**Problem details**:
The reply should hold only the lines from the one with "Luggage shipment processing" through the end of the data, each given exactly.

**Data provided**:
§

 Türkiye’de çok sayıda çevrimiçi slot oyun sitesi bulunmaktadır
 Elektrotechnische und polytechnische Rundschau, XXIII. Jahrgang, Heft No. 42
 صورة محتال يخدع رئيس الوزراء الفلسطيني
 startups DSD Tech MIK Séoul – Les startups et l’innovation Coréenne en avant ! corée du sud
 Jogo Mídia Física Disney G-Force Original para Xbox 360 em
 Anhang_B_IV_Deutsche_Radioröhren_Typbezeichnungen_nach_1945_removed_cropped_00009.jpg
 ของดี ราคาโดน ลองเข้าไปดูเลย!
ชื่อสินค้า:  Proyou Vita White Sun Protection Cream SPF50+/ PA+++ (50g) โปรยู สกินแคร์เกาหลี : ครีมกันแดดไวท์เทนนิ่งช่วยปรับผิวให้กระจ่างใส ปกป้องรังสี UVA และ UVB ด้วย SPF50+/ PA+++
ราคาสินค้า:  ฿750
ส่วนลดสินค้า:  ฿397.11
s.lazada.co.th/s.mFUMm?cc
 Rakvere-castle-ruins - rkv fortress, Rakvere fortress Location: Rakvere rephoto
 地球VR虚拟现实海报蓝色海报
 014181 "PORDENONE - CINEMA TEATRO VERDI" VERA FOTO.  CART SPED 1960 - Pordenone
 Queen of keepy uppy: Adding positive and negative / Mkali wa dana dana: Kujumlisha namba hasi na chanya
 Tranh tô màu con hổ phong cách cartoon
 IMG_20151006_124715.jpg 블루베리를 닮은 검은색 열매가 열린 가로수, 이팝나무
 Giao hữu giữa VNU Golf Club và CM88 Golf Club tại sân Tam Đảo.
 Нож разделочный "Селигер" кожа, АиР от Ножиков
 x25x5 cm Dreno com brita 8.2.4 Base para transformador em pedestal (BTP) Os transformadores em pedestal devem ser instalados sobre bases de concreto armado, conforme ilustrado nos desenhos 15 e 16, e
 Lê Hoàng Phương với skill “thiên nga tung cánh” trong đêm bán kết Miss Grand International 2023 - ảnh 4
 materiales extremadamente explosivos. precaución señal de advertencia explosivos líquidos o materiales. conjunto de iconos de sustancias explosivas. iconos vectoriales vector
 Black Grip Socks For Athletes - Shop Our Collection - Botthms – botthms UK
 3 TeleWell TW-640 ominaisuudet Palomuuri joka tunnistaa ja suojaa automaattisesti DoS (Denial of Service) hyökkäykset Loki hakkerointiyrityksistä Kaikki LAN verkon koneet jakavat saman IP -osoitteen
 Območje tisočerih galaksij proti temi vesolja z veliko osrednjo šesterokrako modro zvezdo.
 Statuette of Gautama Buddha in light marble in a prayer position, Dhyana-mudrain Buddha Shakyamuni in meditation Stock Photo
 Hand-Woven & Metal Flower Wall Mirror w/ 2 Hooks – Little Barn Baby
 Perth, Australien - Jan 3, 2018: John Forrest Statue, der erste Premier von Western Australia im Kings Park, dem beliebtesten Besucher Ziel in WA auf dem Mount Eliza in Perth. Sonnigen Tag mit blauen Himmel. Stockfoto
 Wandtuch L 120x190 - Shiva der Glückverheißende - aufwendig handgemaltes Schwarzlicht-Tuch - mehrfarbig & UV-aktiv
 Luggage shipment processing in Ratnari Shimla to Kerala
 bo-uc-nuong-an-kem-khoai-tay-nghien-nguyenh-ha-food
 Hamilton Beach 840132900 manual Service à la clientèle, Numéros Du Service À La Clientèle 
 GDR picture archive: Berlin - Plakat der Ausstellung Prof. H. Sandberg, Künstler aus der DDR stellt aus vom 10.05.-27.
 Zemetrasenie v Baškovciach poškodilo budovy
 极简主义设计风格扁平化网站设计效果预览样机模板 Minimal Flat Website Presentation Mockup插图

§

**Your solution**:
 Luggage shipment processing in Ratnari Shimla to Kerala
 bo-uc-nuong-an-kem-khoai-tay-nghien-nguyenh-ha-food
 Hamilton Beach 840132900 manual Service à la clientèle, Numéros Du Service À La Clientèle 
 GDR picture archive: Berlin - Plakat der Ausstellung Prof. H. Sandberg, Künstler aus der DDR stellt aus vom 10.05.-27.
 Zemetrasenie v Baškovciach poškodilo budovy
 极简主义设计风格扁平化网站设计效果预览样机模板 Minimal Flat Website Presentation Mockup插图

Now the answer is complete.